The Corner

Politics & Policy

If Robert Mueller Will Ultimately Vindicate Trump, Why Fire Him?

We are seeing two trends in the Robert Mueller matter that should be pulling in opposite directions, but aren’t:

1) As far as we can tell at the moment (and this is necessarily speculative), Mueller doesn’t seem to be closing in on a collusion conspiracy. If that’s true, he’s also unlikely to be closing in on a real obstruction-of-justice case. In other words, the best bet right now is that, after catching up people guilty of various, extraneous crimes, the Mueller investigation will leave President Trump relatively untouched.

2) Momentum is building for the idea of firing Robert Mueller. This is a result of the disturbing evidence of political bias of top FBI agents and prosecutors, (we editorialized about this Thursday) but is completely at odds with point 1.
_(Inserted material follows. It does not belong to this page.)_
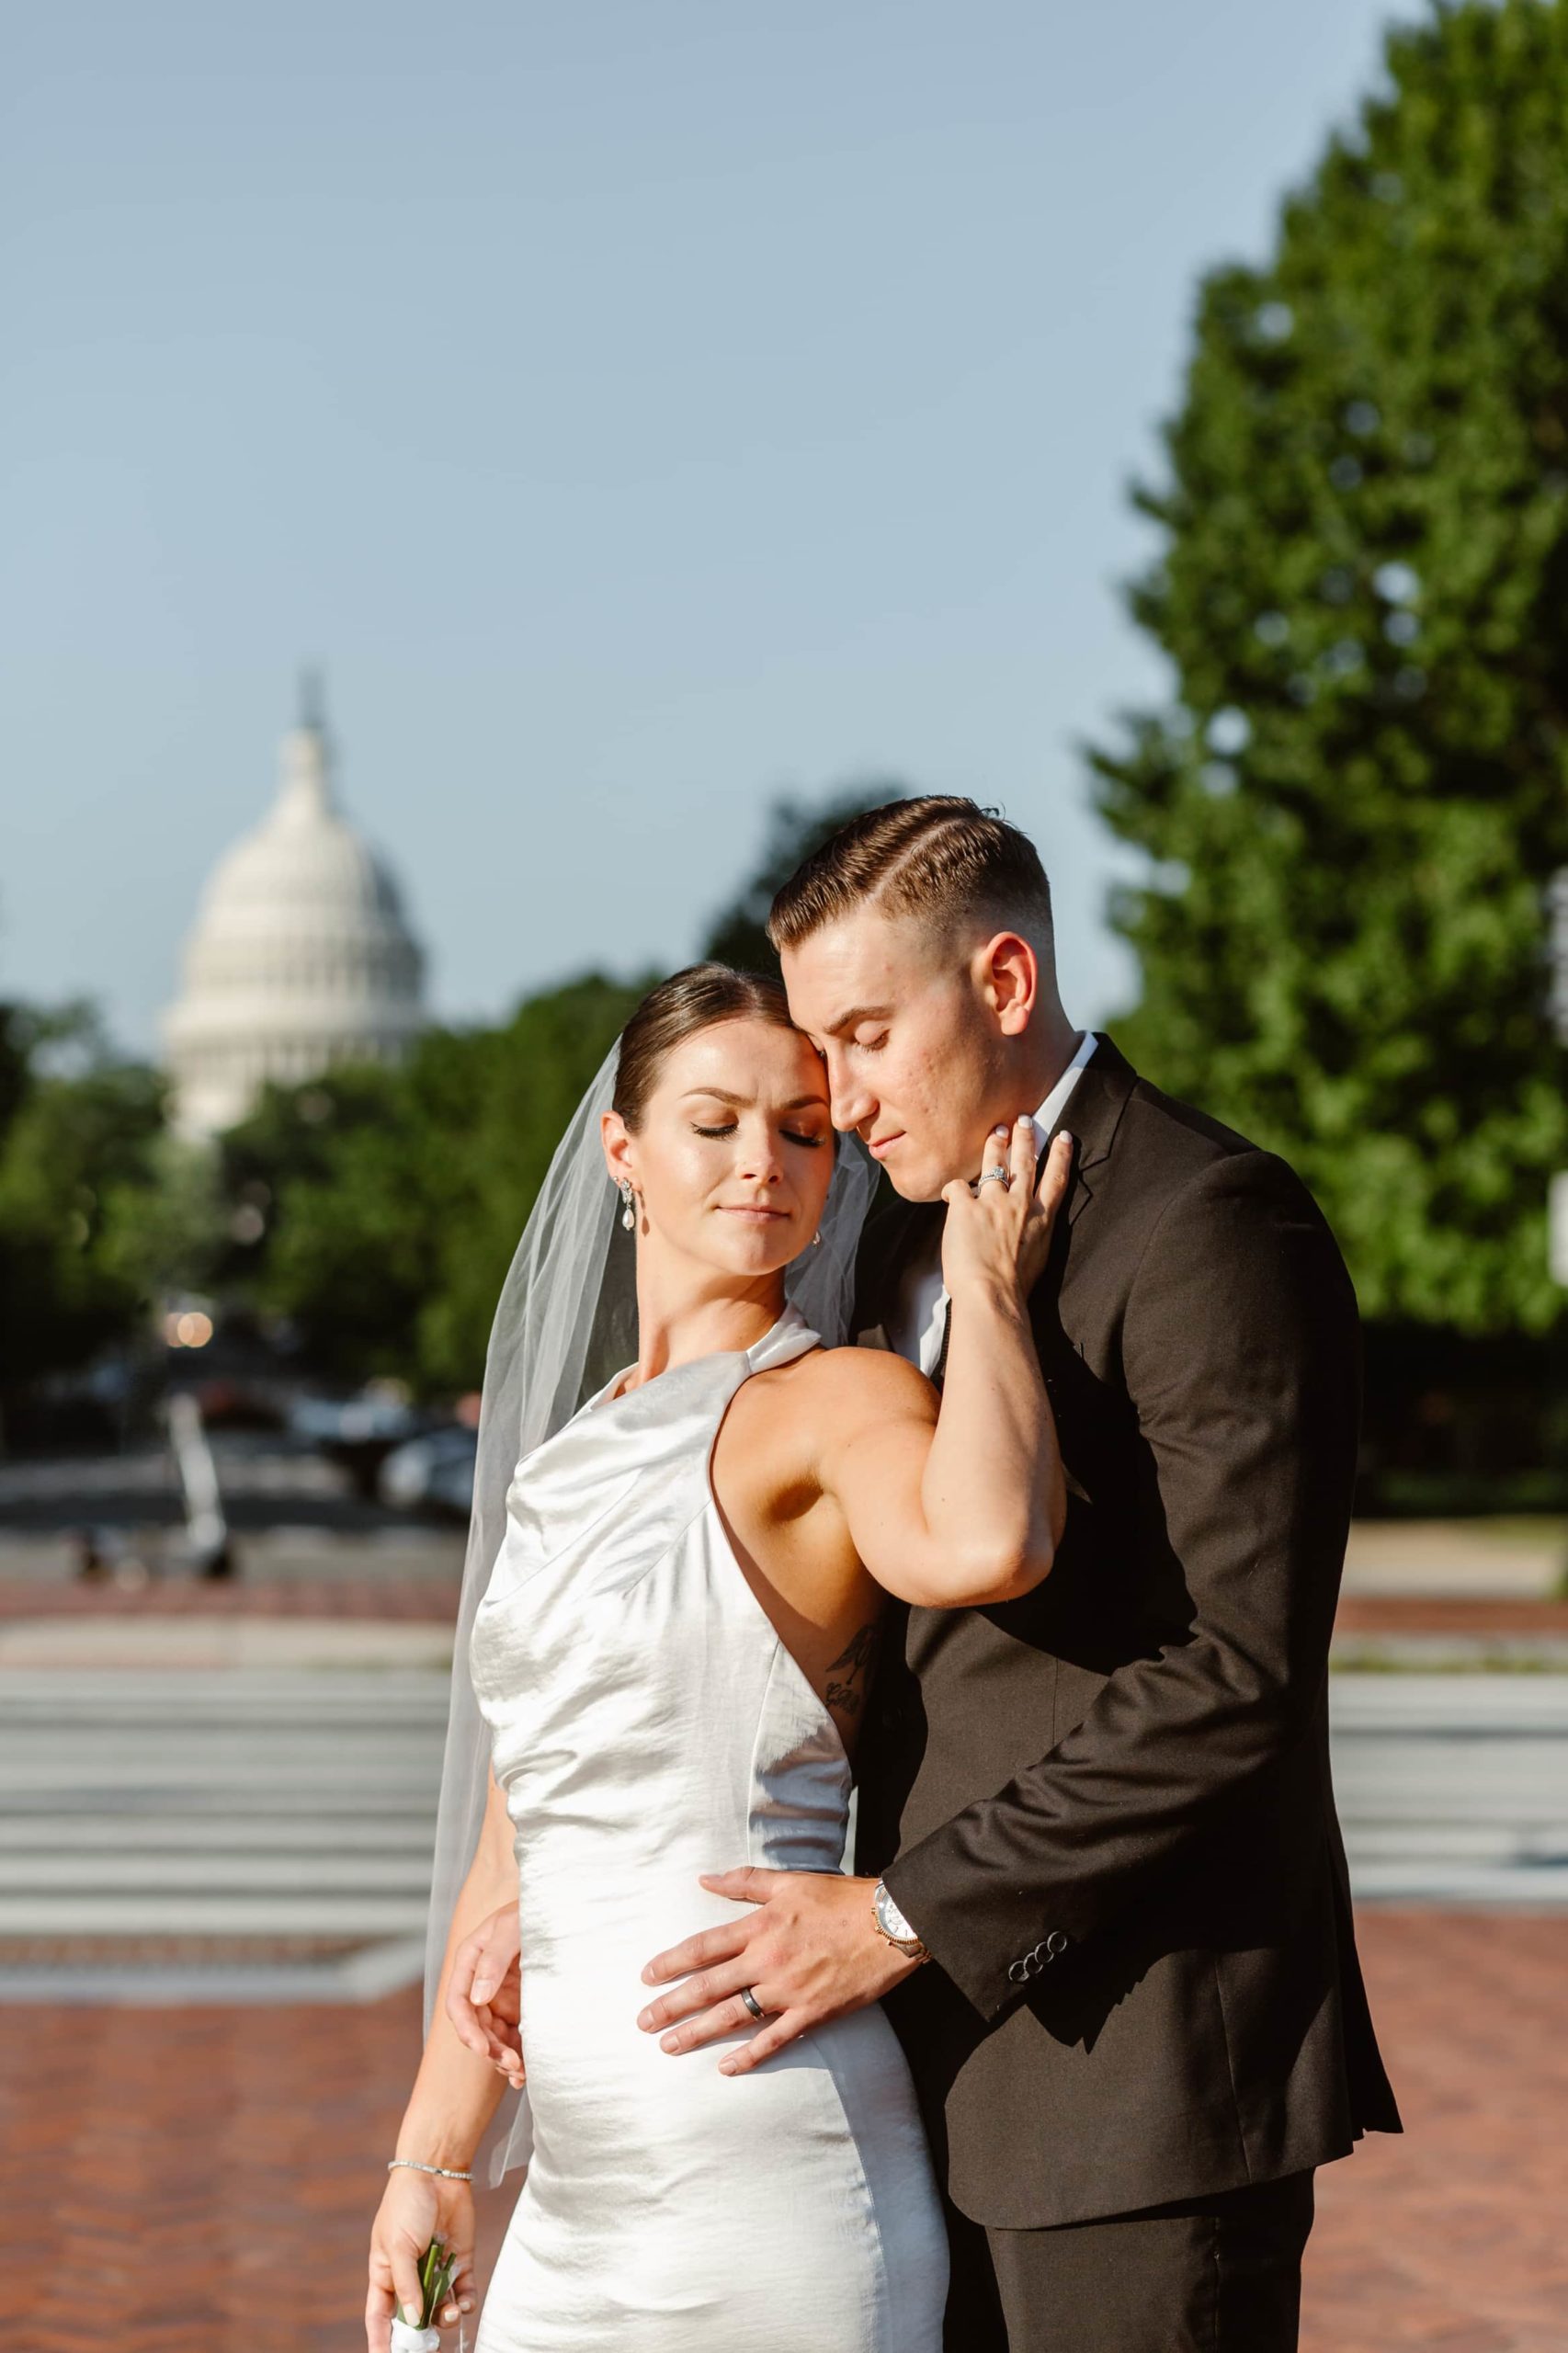 Groom stands behind bride in the sun after their wedding at Union Station with the U.S. Capitol building behind them. 
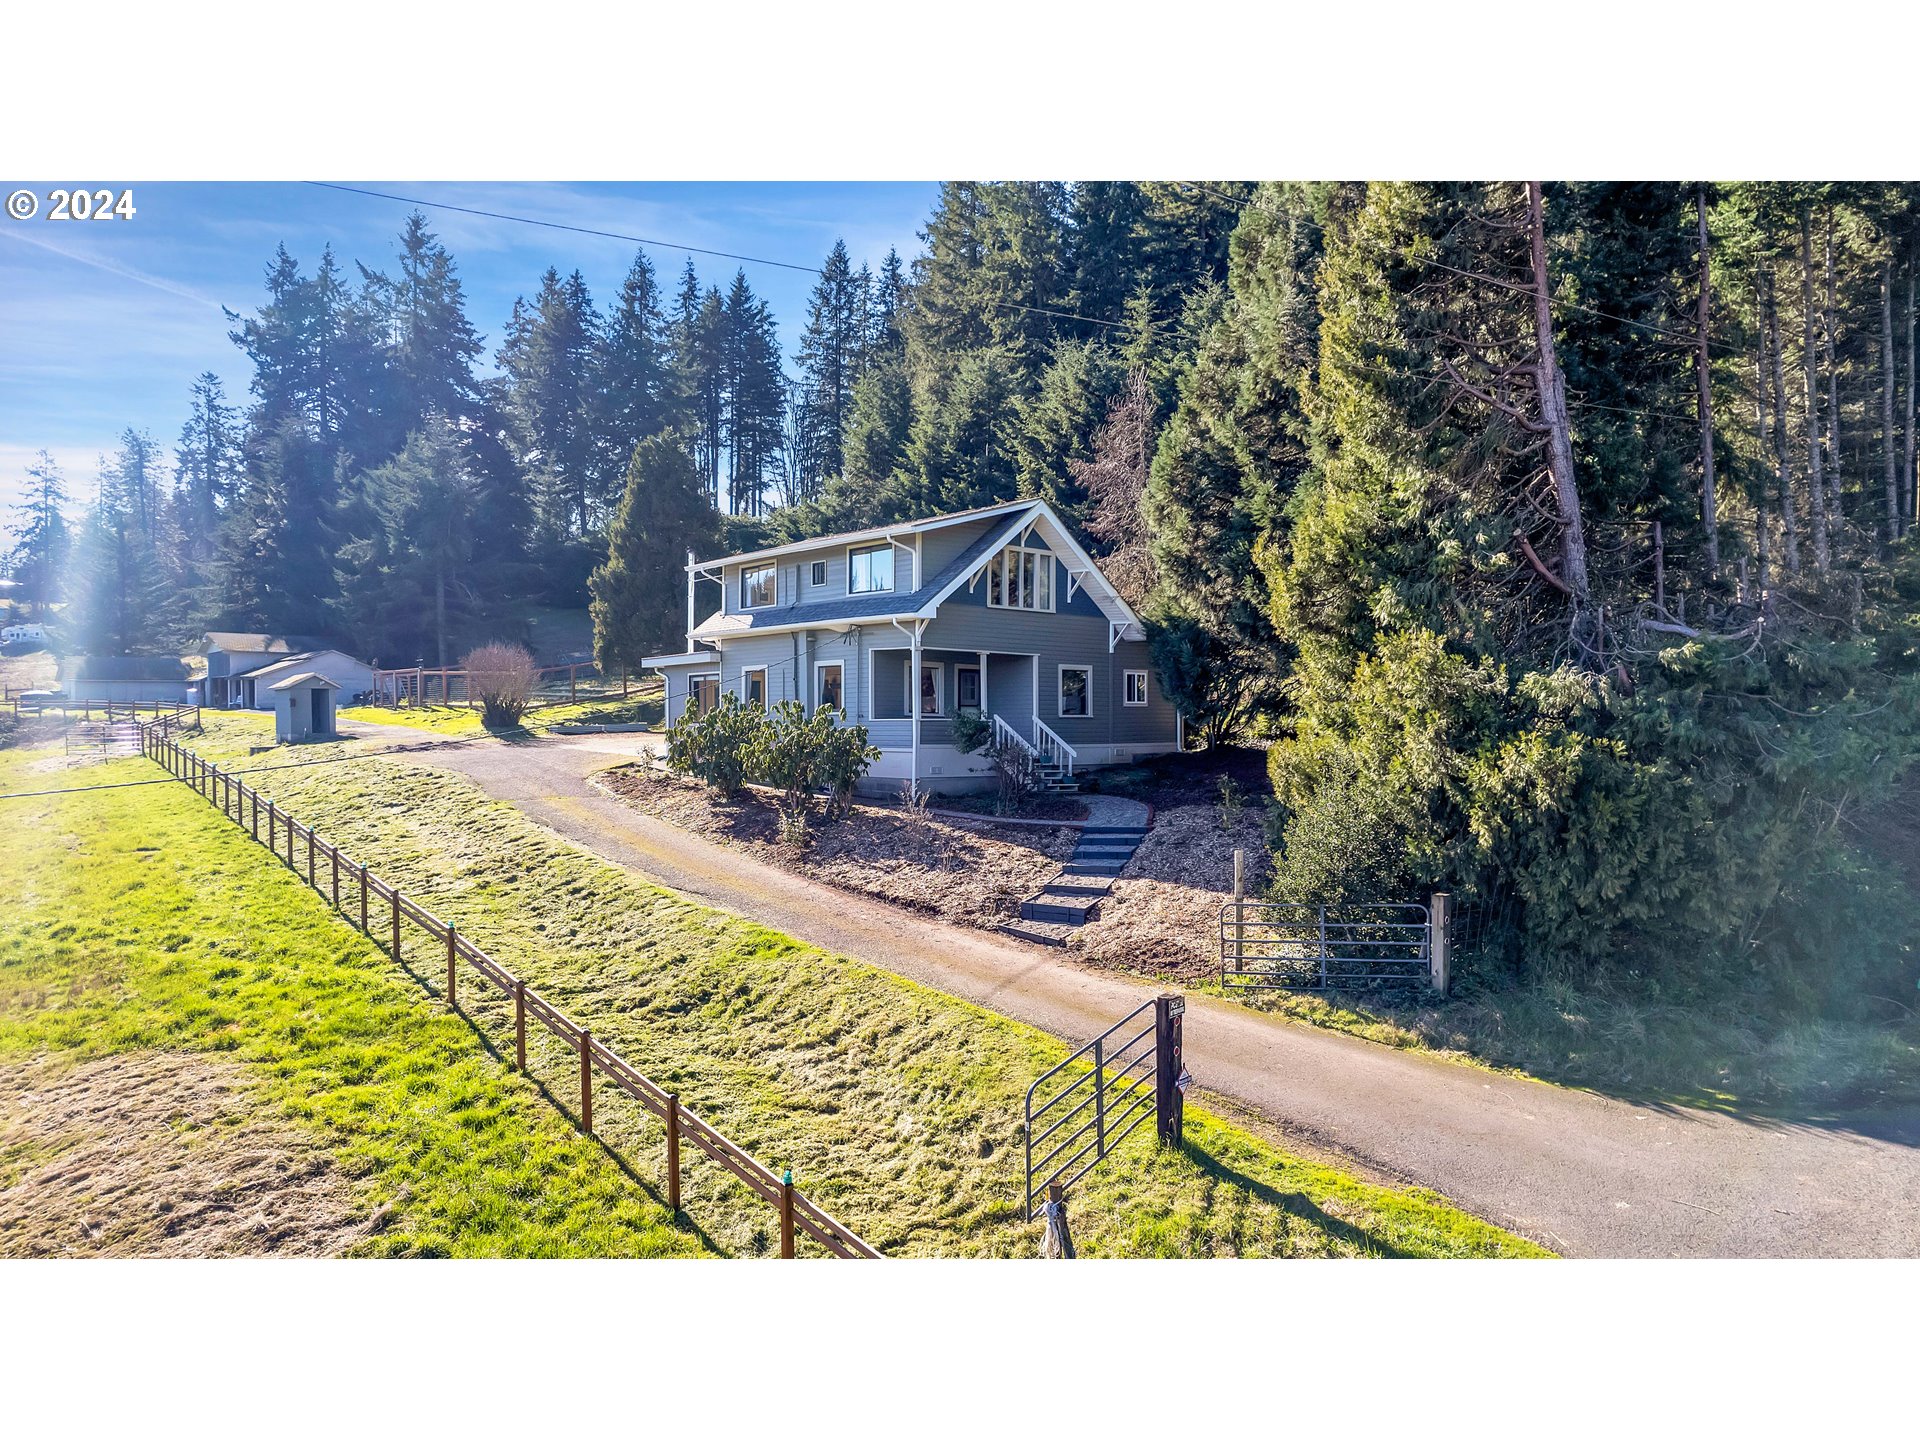 28888 WILLOW CREEK RD, Eugene, OR

If Trump knows he has something to hide that’s potentially impeachable, he should probably — putting ethics and the truth aside — fire Mueller and try to out-run the law. Otherwise, cashiering Mueller would be insane. It would be like firing Comey only worse. If Democrats took the House — and firing Mueller would increase the odds of that happening — Mueller might be the lead witness at an impeachment hearing, even if there isn’t any Russian collusion.

I have to say that there would be something perfect about this — a special counsel investigating, in part, the circumstances that led to his appointment would be fired, perhaps leading to an impeachment about the circumstances of his ouster. It’d be the most self-referential alleged high crime in the history of the republic.